A fully playable checkers game built on Vue DnD Kit v2. Each cell on the board is an independent droppable zone — no special board logic required from the library.

How it works

The key idea: every dark cell is its own makeDroppable zone. The game logic lives entirely outside the library — in a plain handleMove function.

text
DnDProvider
  └── 8×8 grid of CheckerCell (makeDroppable)
        └── CheckerPiece (makeDraggable)  — rendered when a piece occupies the cell

Draggable piece

Each piece carries its index and the shared pieces array as the drag payload. disabled prevents dragging opponent pieces:

vue
<script setup lang="ts">
  import { computed, useTemplateRef } from 'vue';
  import { makeDraggable } from '@vue-dnd-kit/core';

  const props = defineProps<{ piece: Piece; pieces: Piece[]; currentTurn: 'red' | 'black' }>();

  const el = useTemplateRef<HTMLElement>('el');
  const index = computed(() => props.pieces.findIndex((p) => p.id === props.piece.id));

  const { isDragging } = makeDraggable(
    el,
    { disabled: () => props.piece.color !== props.currentTurn },
    () => [index.value, props.pieces]
  );
</script>

Droppable cell — identifying the dragged piece

suggestRemove() extracts the dragged piece from the source pieces array without mutating state. The cell then emits the attempted move upward:

vue
<script setup lang="ts">
  import { useTemplateRef } from 'vue';
  import { makeDroppable } from '@vue-dnd-kit/core';

  const props = defineProps<{ row: number; col: number; piece: Piece | null; pieces: Piece[] }>();
  const emit = defineEmits<{ move: [{ piece: Piece; toRow: number; toCol: number }] }>();

  const el = useTemplateRef<HTMLElement>('el');

  makeDroppable(
    el,
    {
      events: {
        onDrop(e) {
          const r = e.helpers.suggestRemove();
          if (!r?.removedItems.length) return;
          const piece = r.removedItems[0] as Piece;
          emit('move', { piece, toRow: props.row, toCol: props.col });
        },
      },
    },
    () => (props.piece ? [props.piece] : [])
  );
</script>

Why suggestRemove?

The draggable's payload is [index, pieces], so suggestRemove() returns removedItems[0] — the actual piece object — without needing a separate data field or any extra state.

Game logic

All validation and state mutation happens in a single handleMove function.
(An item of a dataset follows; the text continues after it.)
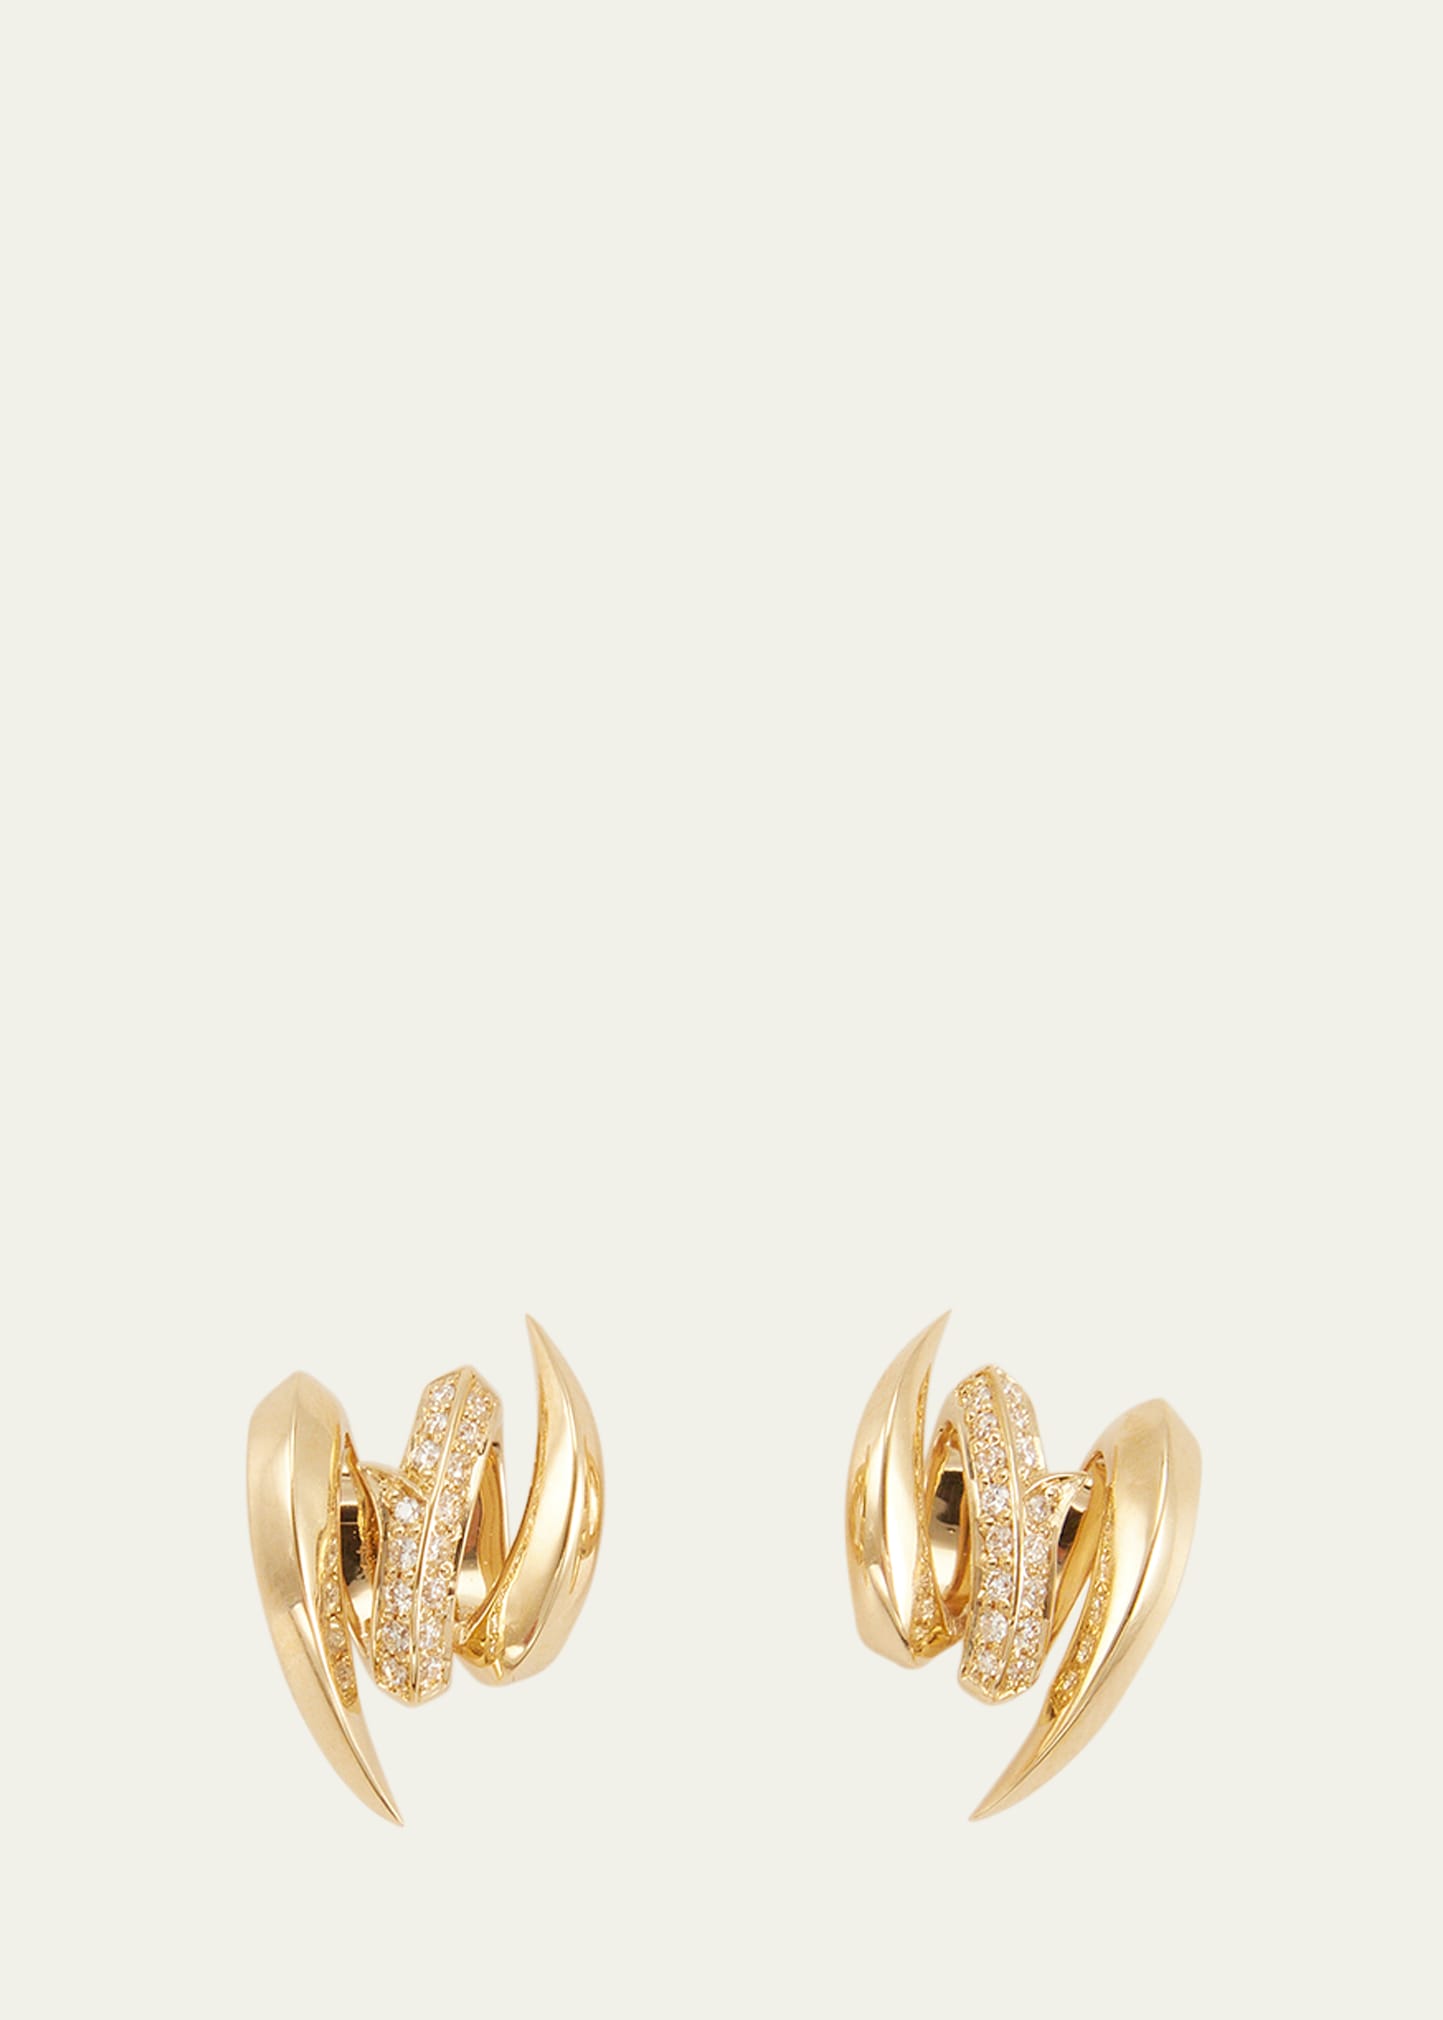 Stephen Webster 18k Gold Entwined Diamond Stud Earrings

The library only delivers "what was dropped where" — the rest is plain TypeScript:

ts
function handleMove({ piece, toRow, toCol }) {
  const { ok, capturedId } = validateMove(piece, toRow, toCol);
  if (!ok) return;

  const isKing =
    piece.isKing ||
    (piece.color === 'red' && toRow === 0) ||
    (piece.color === 'black' && toRow === 7);

  pieces.value = pieces.value
    .filter((p) => p.id !== capturedId)
    .map((p) => (p.id === piece.id ? { ...p, row: toRow, col: toCol, isKing } : p));

  currentTurn.value = currentTurn.value === 'red' ? 'black' : 'red';
}

See also

Source

Released under the MIT License.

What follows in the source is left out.